_TASK OBJECTIVE_
Write out exactly the lines from the first line of the records below through the line that contains "William Morris At", and stop there.

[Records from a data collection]
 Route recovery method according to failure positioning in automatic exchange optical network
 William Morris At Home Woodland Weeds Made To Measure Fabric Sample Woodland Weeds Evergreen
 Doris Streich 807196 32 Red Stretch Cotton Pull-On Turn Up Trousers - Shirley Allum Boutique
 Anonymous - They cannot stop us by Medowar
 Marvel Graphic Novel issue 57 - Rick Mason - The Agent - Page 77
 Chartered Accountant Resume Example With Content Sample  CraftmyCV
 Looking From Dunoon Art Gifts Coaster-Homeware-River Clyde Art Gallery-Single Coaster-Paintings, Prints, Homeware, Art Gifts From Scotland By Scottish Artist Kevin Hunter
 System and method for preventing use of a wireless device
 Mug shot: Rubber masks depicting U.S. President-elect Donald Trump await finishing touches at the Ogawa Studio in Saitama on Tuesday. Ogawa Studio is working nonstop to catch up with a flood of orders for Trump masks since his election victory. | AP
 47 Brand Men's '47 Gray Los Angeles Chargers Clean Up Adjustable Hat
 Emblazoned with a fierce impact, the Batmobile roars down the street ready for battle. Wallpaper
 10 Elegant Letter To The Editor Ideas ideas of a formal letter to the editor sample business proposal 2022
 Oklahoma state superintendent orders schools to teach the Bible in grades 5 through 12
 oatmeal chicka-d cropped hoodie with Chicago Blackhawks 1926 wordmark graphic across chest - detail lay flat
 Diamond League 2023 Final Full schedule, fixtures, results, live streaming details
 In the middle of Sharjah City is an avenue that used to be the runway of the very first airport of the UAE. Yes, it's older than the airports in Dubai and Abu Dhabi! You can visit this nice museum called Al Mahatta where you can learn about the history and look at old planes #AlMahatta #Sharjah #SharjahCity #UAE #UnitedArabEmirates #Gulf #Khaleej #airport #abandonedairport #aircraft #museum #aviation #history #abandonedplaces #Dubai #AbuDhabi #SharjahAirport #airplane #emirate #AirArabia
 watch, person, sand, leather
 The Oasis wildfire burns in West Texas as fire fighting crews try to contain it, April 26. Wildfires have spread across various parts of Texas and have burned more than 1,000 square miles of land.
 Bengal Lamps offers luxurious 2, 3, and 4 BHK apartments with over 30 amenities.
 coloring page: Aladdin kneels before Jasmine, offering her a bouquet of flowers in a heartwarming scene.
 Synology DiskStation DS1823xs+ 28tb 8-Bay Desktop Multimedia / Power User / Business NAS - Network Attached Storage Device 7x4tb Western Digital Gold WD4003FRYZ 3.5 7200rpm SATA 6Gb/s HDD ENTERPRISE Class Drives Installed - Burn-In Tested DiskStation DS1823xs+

_RESPONSE TO THIS EXERCISE_
 Route recovery method according to failure positioning in automatic exchange optical network
 William Morris At Home Woodland Weeds Made To Measure Fabric Sample Woodland Weeds Evergreen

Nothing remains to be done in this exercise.